When I am writing this, the street beneath my house is completely empty. This is a rare occurrence, not something I thought I would ever have to see. When I look out of my window now, I still expect to see fruit and vegetable vendors hawking their produce in rickety wooden carts, dragging themselves onward on one side of the road, while swanky BMW’s languish on the other side, recovering from the party they were driven to the night before. I expect to see bikes screeching down the asphalt road at wind-like speeds, harnessed all too often by college students, cigarettes dangling from their lips, while a lone, helpless policeman chases them down to no avail, perhaps because they hadn’t cared to wear helmets. I expect to see milkmen cycling to their jobs, weaving through the sauntering herds of cows in a deliciously ironic way.

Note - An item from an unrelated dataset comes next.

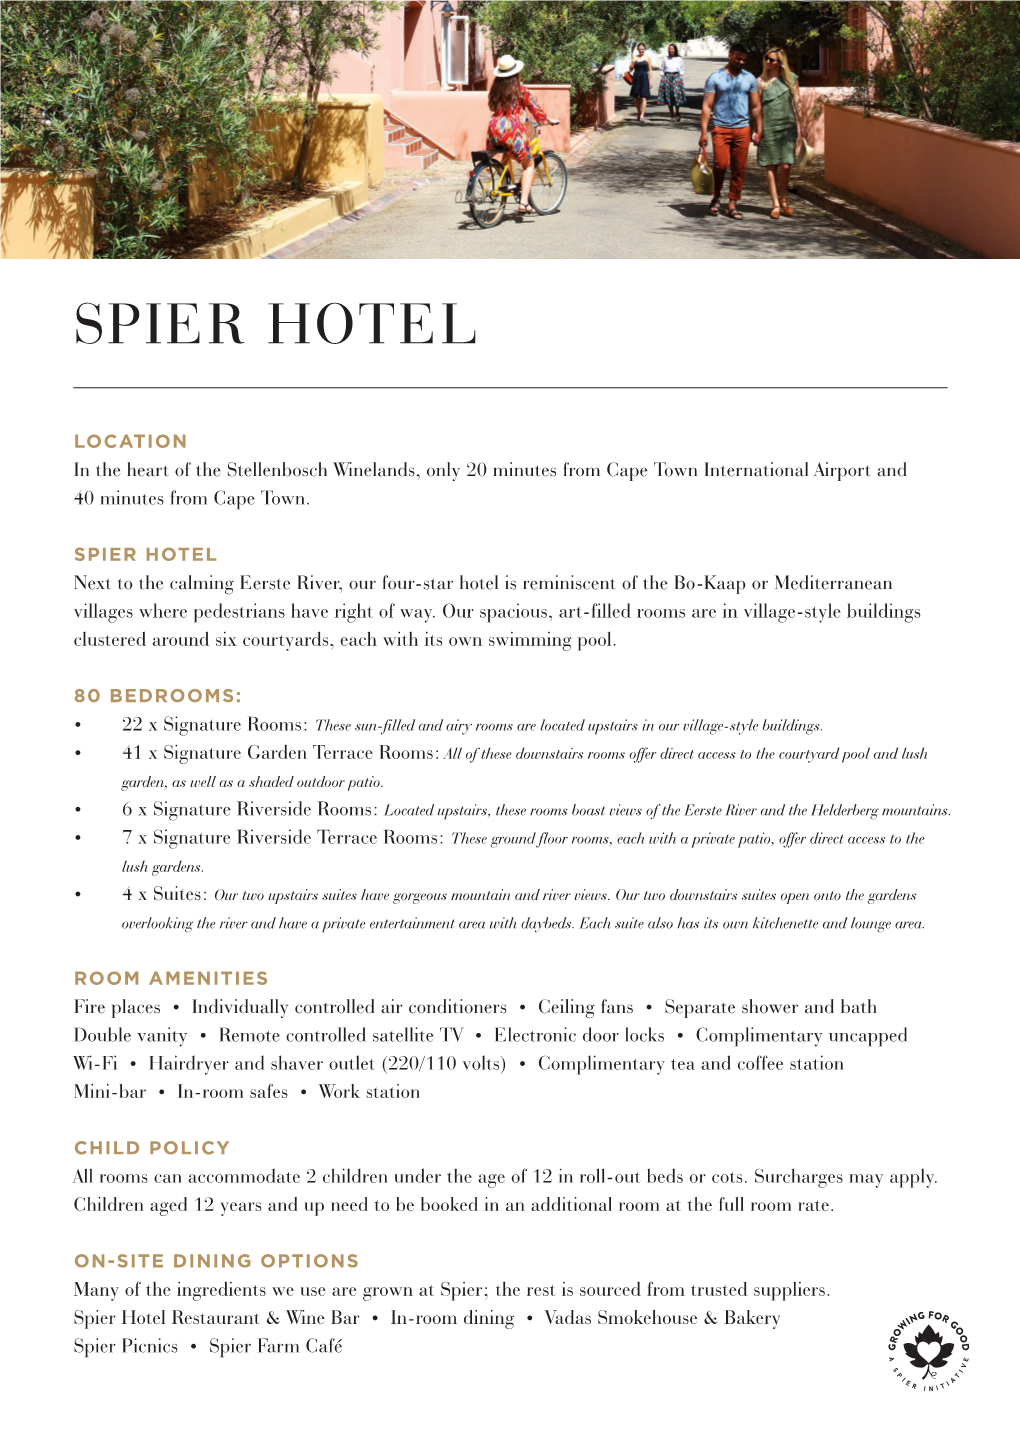 Spier Hotel Fact Sheet

I still expect to be woken up with a start in the middle of the night by a wedding party dancing its way down this street to the nearest banquet hall, blasting music at a decibel level thoroughly unsuited to the hour of the night. I expect to see people flocking to shanty stores and paan vendors and I expect to see children kicking a ball down the middle of the street on the days when traffic is sparse. I still expect to be greeted with a shrill gust of noise and bustle when I know all too well that I am grasping at straws, at a reality that no longer exists. In the past few months, as the world has veritably changed under the spell of a global health crisis, every time I have opened my window and peered down at the street beneath my house, I have been greeted by nothing but a strong gust of silence: a very different kind of noise altogether.
In recent days, this silence has been deafening. Just as I find myself adjusting to what everybody has been calling the ‘new normal’ and we all lock up and keep our distance, I make the mistake of looking out of my window and into the silence of this street. This empty street now spreads itself like poisonous undergrowth below my house; a constant reminder of how much has truly changed.
The fruit and vegetable vendors have deserted the street-sides; their wooden carts left in shambles and stray spinach leaves littering the ground below. The BMW’s have been driven off the roadside and the bikes no longer make an appearance; their engines have long been lulled into a peaceful slumber. I catch myself, at odd and embarrassing moments, straining my ears to catch even a flyaway note of the hideously remixed Bollywood songs our beloved wedding party was such a fan of. Maybe it’s a delusion, but it seems more difficult to fall asleep without them. The college-going students now smoke in their balconies standing six feet apart from each other, and the occasional policeman who wanders on to this street now wonders where they all are; each has no purpose without the other, it would seem. With the milkmen at home, the herds of cows are free to roam the street with a kind of joyous abandon we all used to have before.